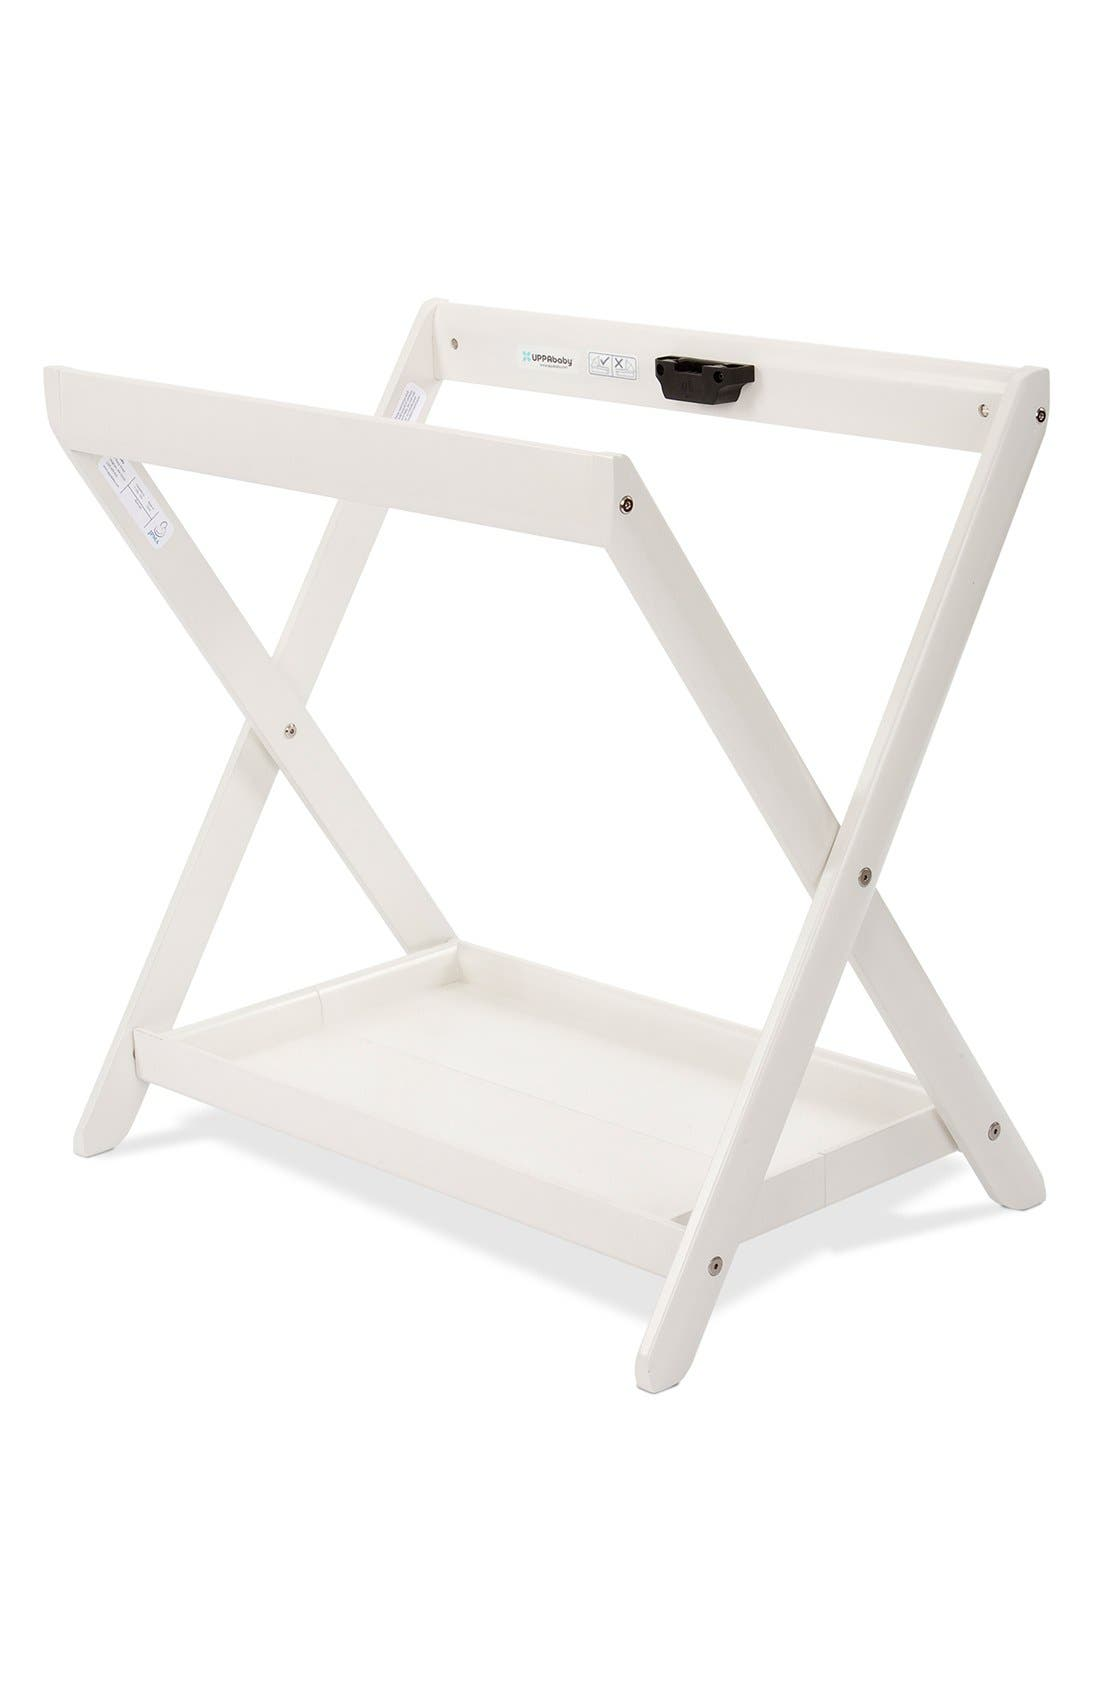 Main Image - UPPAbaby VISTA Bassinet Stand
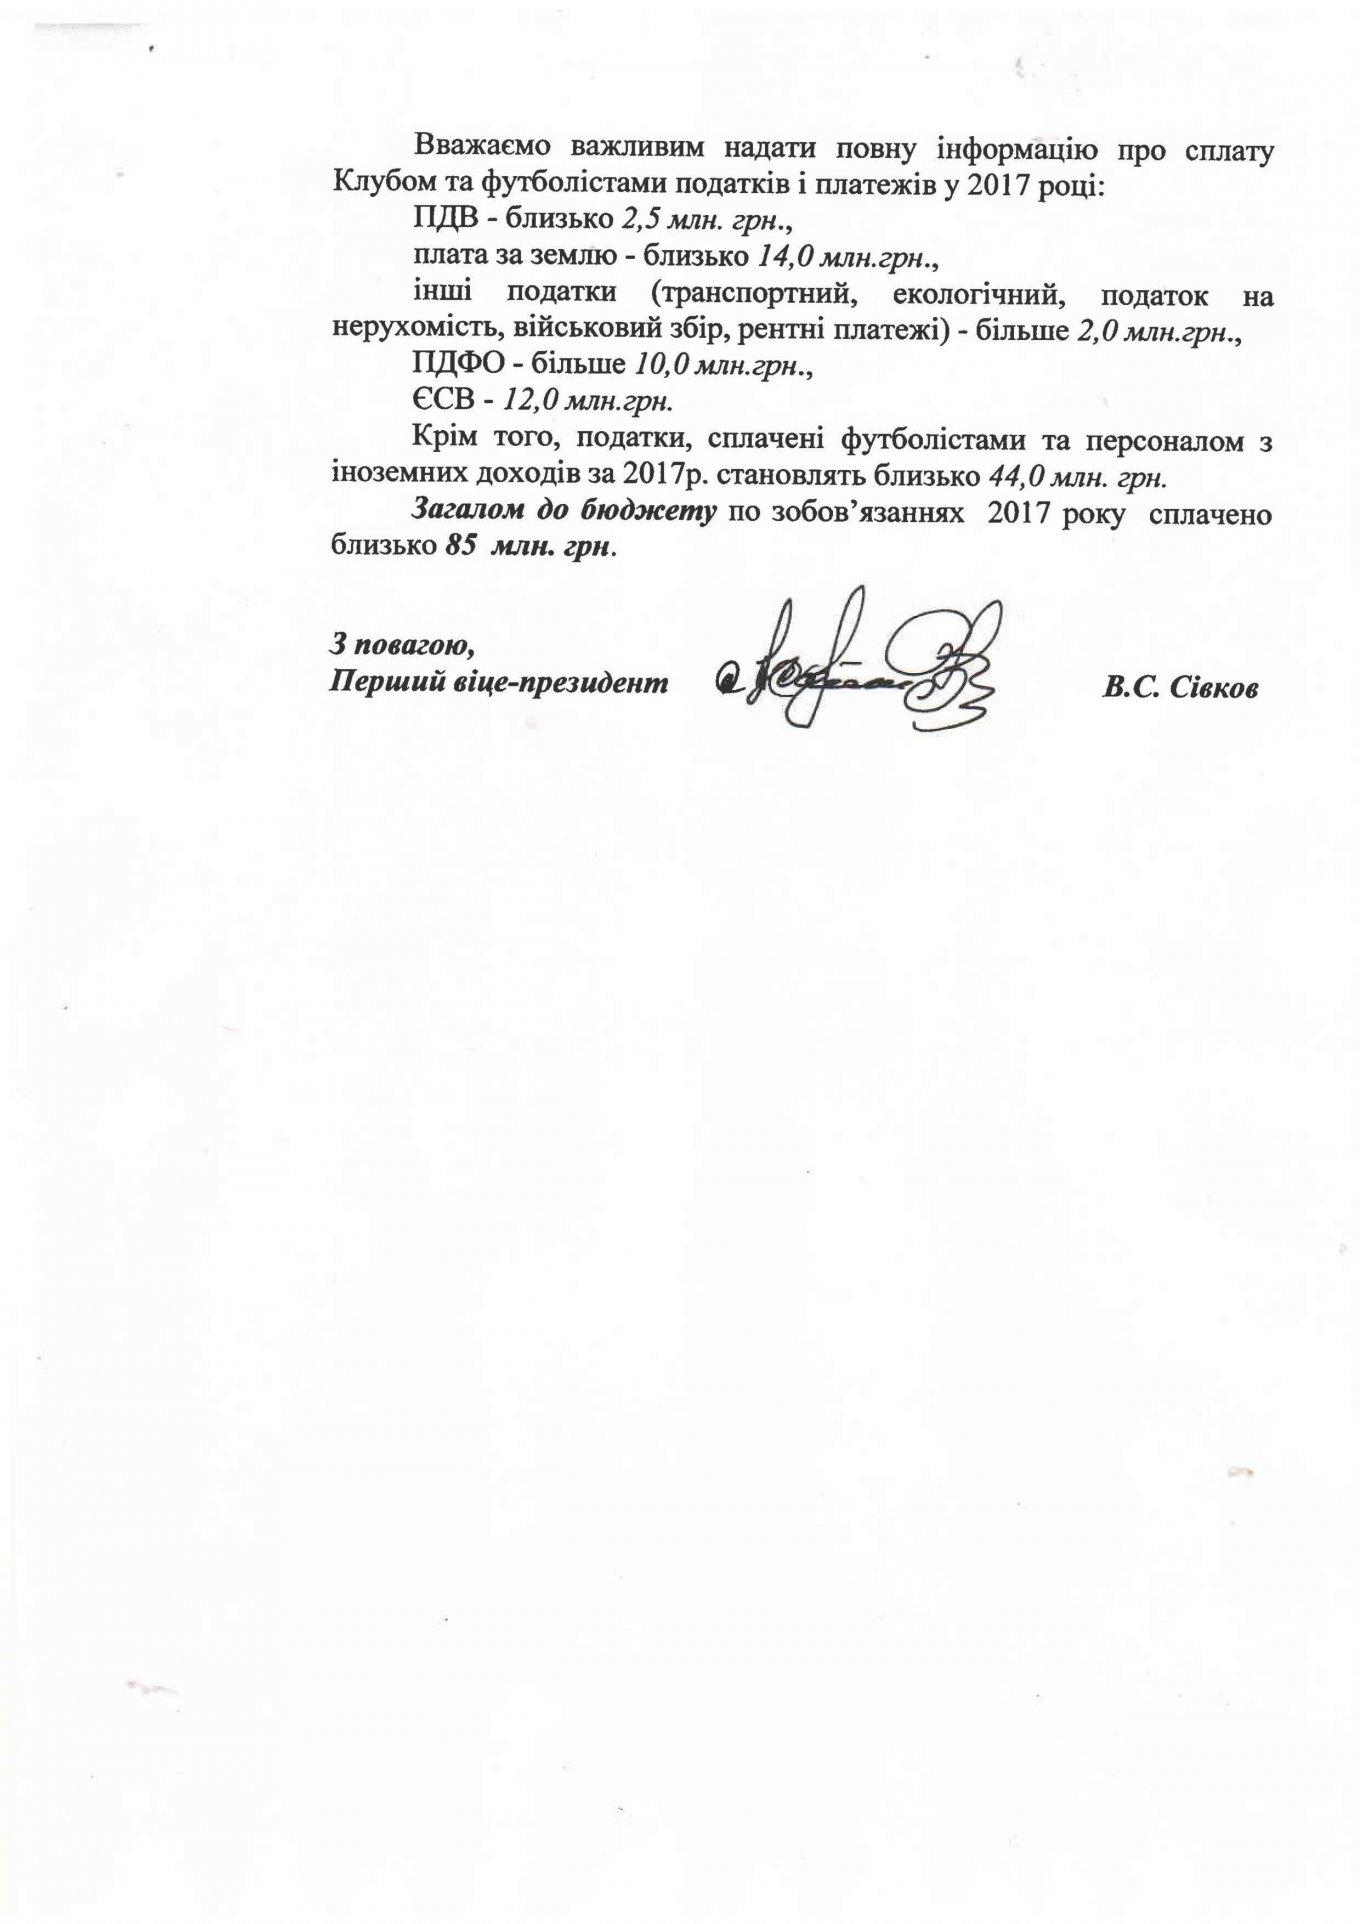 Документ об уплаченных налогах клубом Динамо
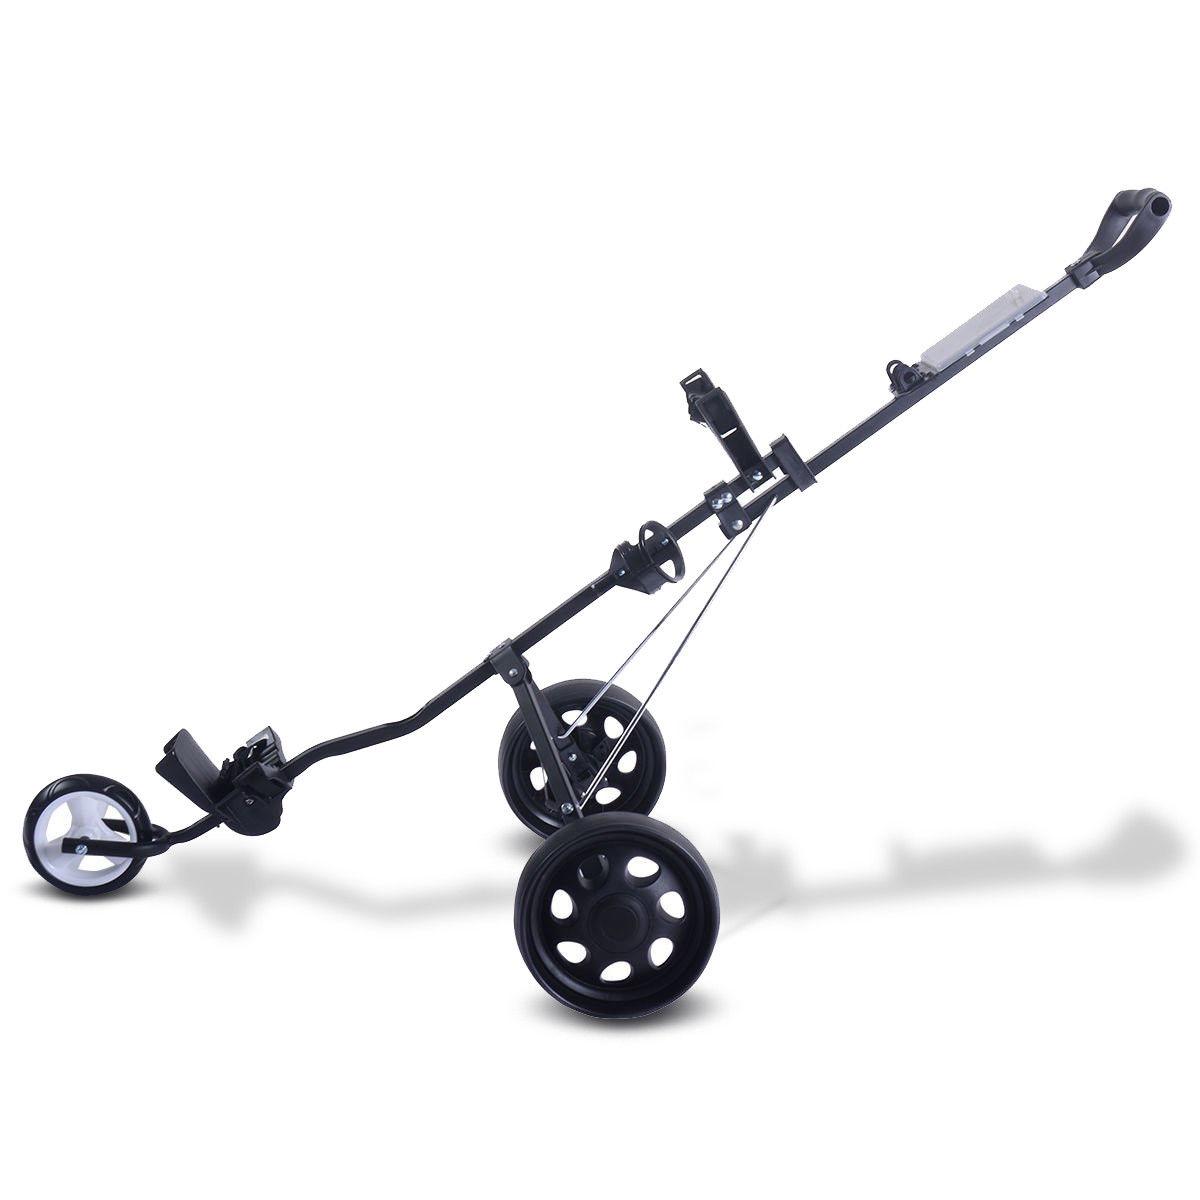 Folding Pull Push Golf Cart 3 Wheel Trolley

### Description of the task:
A faithful copy is needed of the lines from the one containing "Документ об уплаченных налогах клубом Динамо" through the last line of the data above, with pictures left out.

### The answer:
 Документ об уплаченных налогах клубом Динамо
 Folding Pull Push Golf Cart 3 Wheel Trolley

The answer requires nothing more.